You have some kind of nerve to try to use your work to put a crimp in people’s socializing. Actually, I frequently hear from people who are trying to forge on and discharge their duties despite colleagues who think the workplace is a good venue for displaying their taste in music, running a wedding-planning service, or demonstrating all the wondrous noises that can emanate from the human body. First of all, can you move cubicles? Maybe someone stuck in a quiet corner would love to be closer to the action, and you can switch places. Next, while running the risk of being the office grouch, tell people flat out that you need a kind of sensory deprivation environment in order to have the intense focus your work requires. Explaining this will be better than appearing socially weird by avoiding eye contact. If people are chattering and breaking your concentration, go ahead and say, with as much good humor as you can muster, “I hate to break this up, but can you take the conversation elsewhere, because I don’t want to miss my deadline. Thanks!” It’s unfortunate your boss is one of the offenders, but surely she will appreciate that you want to make her look good by getting your work done well and on time.

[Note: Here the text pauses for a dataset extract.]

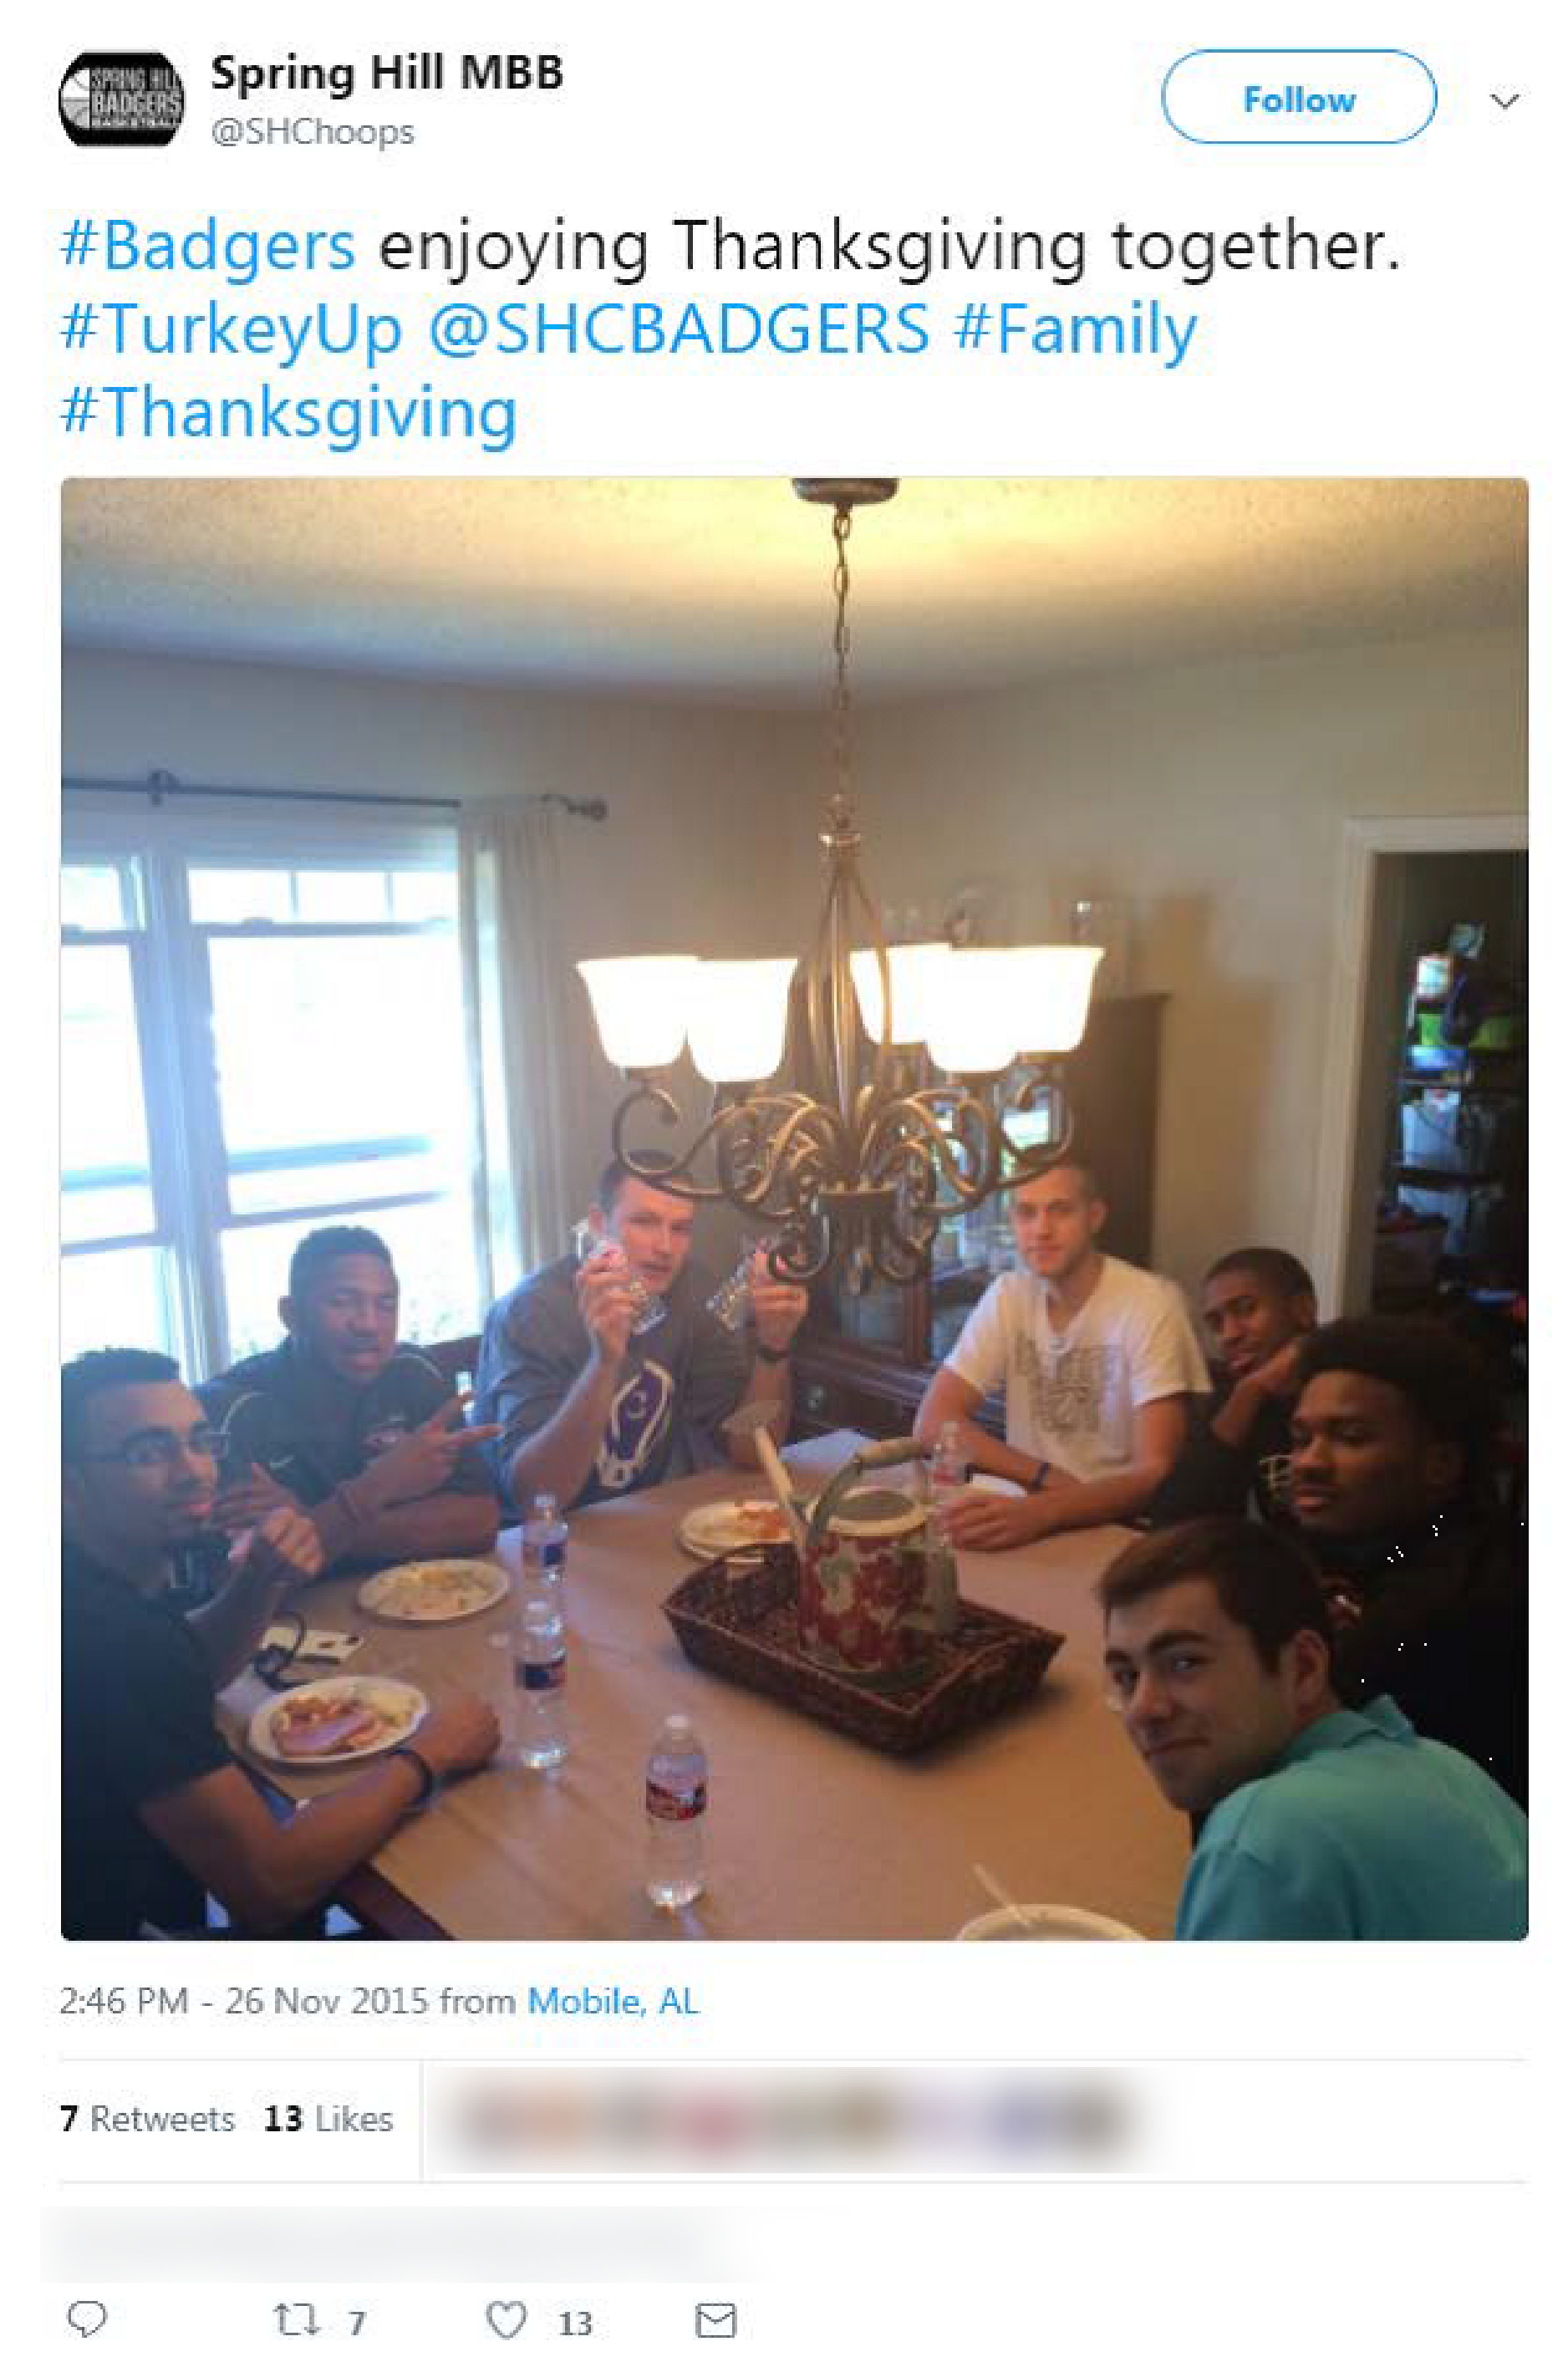 Tweet from the SHC men's basketball team about family

I live in the suburbs of a very green city. I turn off the lights when I leave the room, don’t leave the water running when I brush my teeth, and so on. However, I do use air conditioning at this time of year, because it’s usually around 90 degrees during the summer. I try to limit how much I use the AC, though. This wouldn’t be a problem if not for my very close, very environmentally concerned friend, who absolutely despises air conditioning. I don’t keep it on during her visits, but she knows that I use it. When she comes over, which is about once a week or so, she always manages to lecture me about how I’m killing the environment because of my own selfish wants. I’ve tried to get her to see my reasons for using the AC, but she won’t listen. I simply don’t know how to deal with her.
Al Gore has a mansion in Tennessee among his widespread real estate holdings. Columnist Thomas Friedman, who writes frequently about the need to curb our environmentally wasteful ways, lives in an 11,000-square-foot house outside Washington, D.C. I know neither man, yet I am confident that as they slip into their cool beds in July, they have to secretly acknowledge that air conditioning is an invention that makes living in the summer tolerable. Your friend is an eco-bore. I understand that she makes you hot under the collar, but I don’t see any reason why you should be stifling in your own home, whether or not she’s visiting. If she starts in again on her air conditioning lecture, tell her you’ve already heard it, and if you two can’t talk about something else, she should visit when you, and the weather, have cooled off.